Характерной особенностью тех лет были многочисленные субботники по благоустройству и озеленению дворов и улиц: всем хотелось сделать город по-настоящему удобным для жизни и красивым. Молодёжь города, и в первую очередь комсомольцы, часто помогали и строителям. Как я позднее узнал, некоторые объекты «курировались» горкомом комсомола. Среди них были первая городская школа, сданная к 1 сентября 1957 года, кинотеатр «Космос» (декабрь 1958 года), стадион им. Ю. А. Гагарина и другие. Горком комсомола активно содействовал также развитию спорта и художественной самодеятельности.
Жизнь в соцгороде нам нравилась, но мы почти ничего не знали, как себя чувствуют те, кто работал на предприятии – в НИИ-1011. В попытке воссоздать типичное для того времени настроение его сотрудников я обратился к вышедшей в 2005 году первой книге о становлении и развитии предприятия. В одном из её разделов помещён своего рода обобщённый портрет сотрудника предприятия первых лет его существования. Вот эта характеристика:
«Средний возраст около 30 лет, физически здоров, двигательно активен, по натуре оптимист, профессионально подготовлен на высоком уровне.
Беспартийный, но признаёт руководящую роль партии в организации государственной жизни (если моложе 28 лет – член ВЛКСМ).
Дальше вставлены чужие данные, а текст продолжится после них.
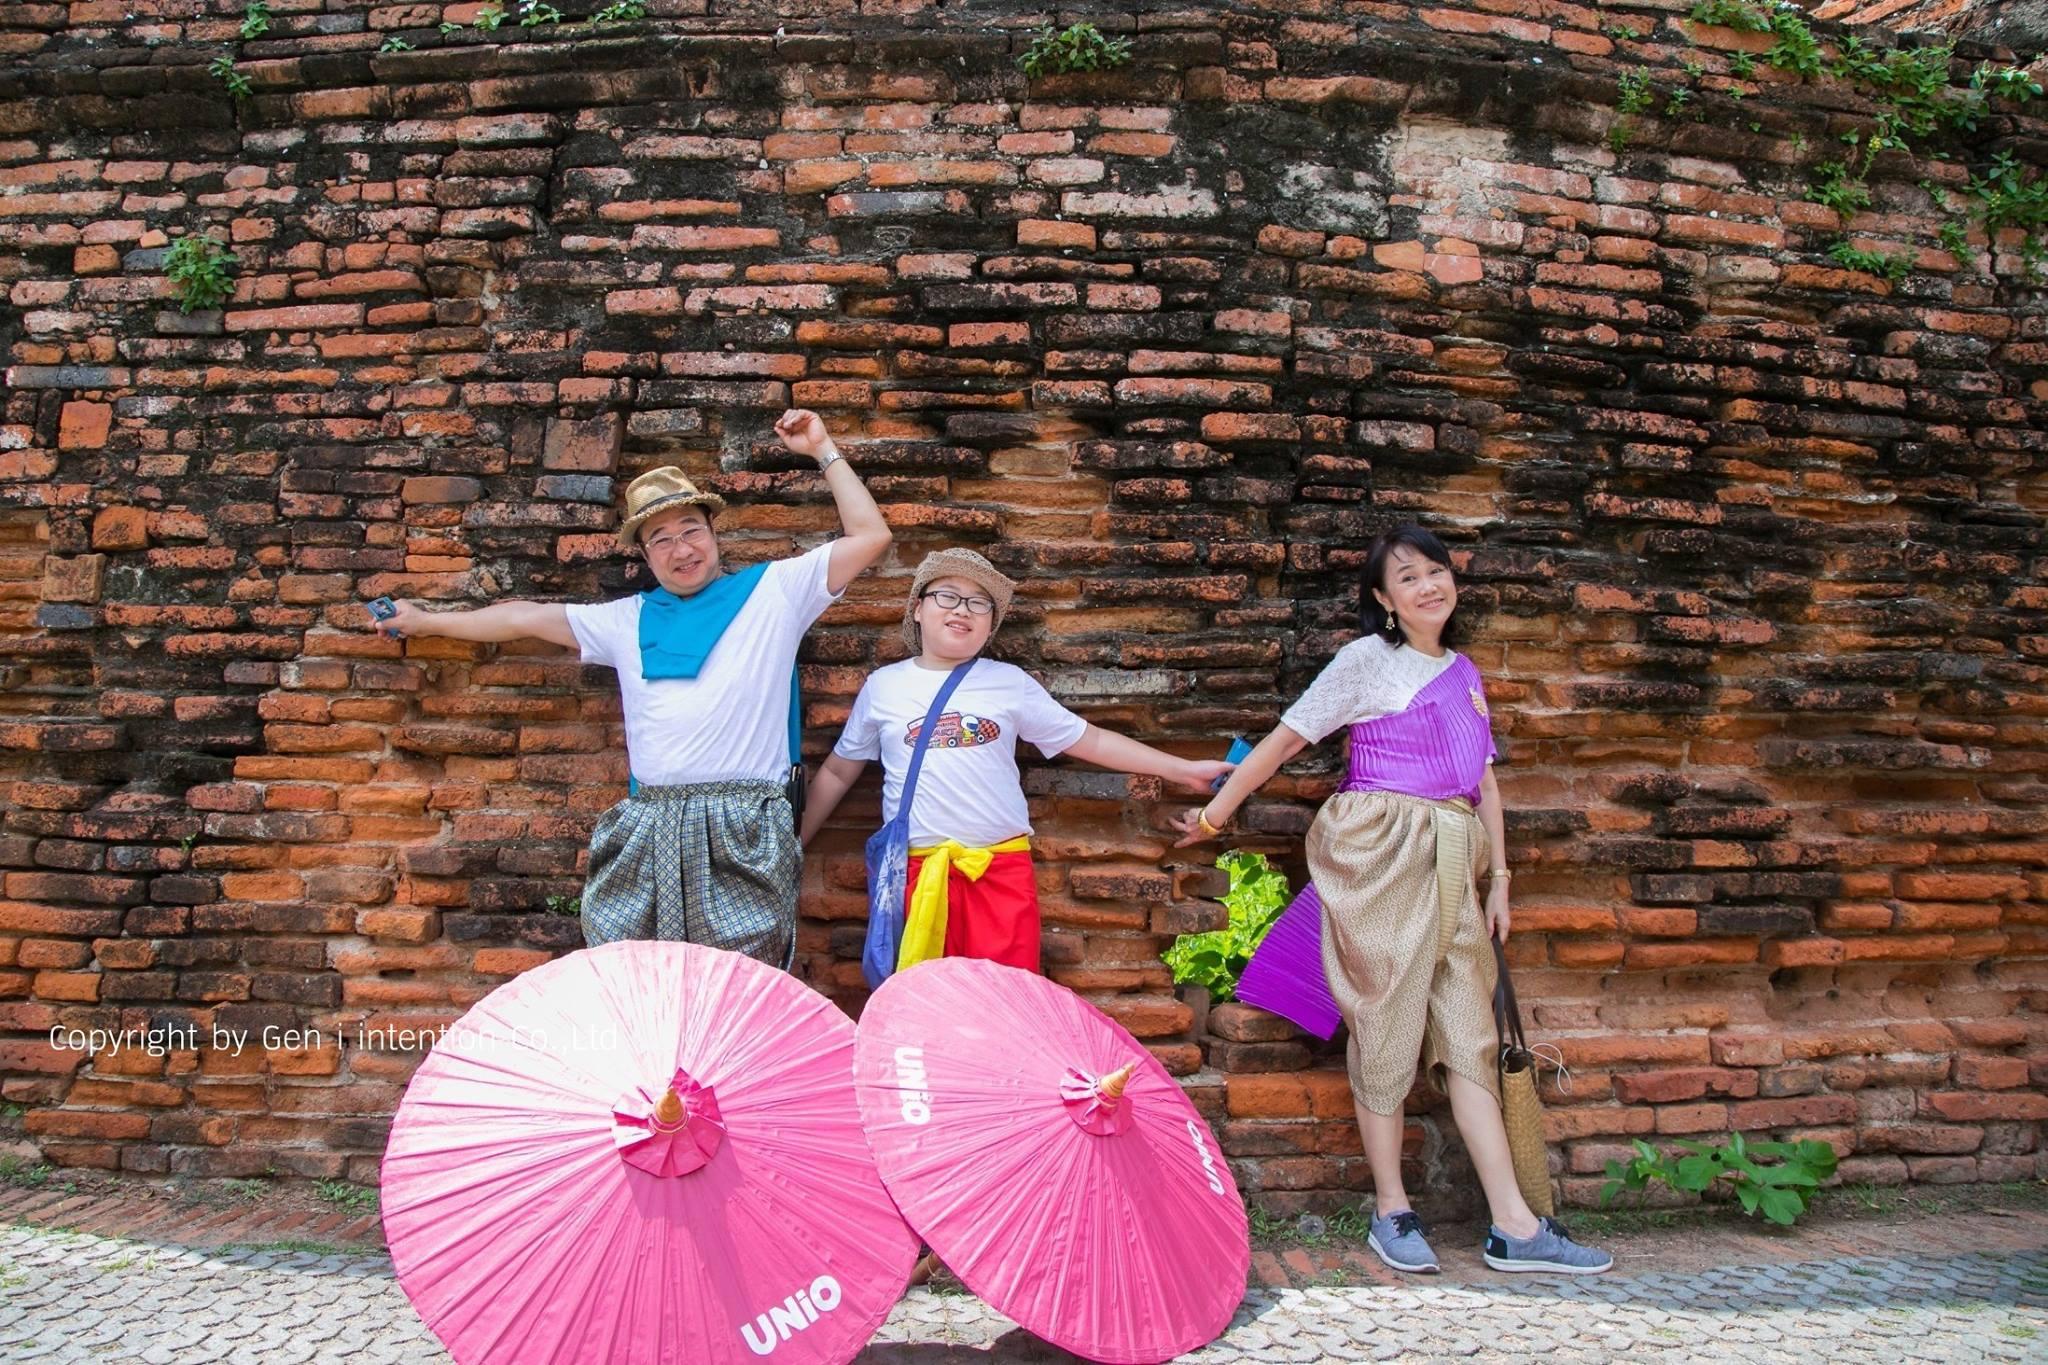 UNIO Trip Ayutthaya

Единственно правильной считает социалистическую идеологию, отечеству предан, работу в оборонной сфере считает своим почётным долгом. От работы не уклоняется, наоборот, рвётся к ней. К делу относится добросовестно, трудится творчески, инициативно, не корысти ради и не за страх, а за совесть. За новую работу берётся с увлечением.
Семейный, живёт в коммуналке, «с подселением». Зарплатой удовлетворён, хотя от повышения не отказался бы. От «красивой жизни» тоже не отказался бы, но на непорядочные поступки ради этого не пойдет, а житейские затруднения переносит без ропота.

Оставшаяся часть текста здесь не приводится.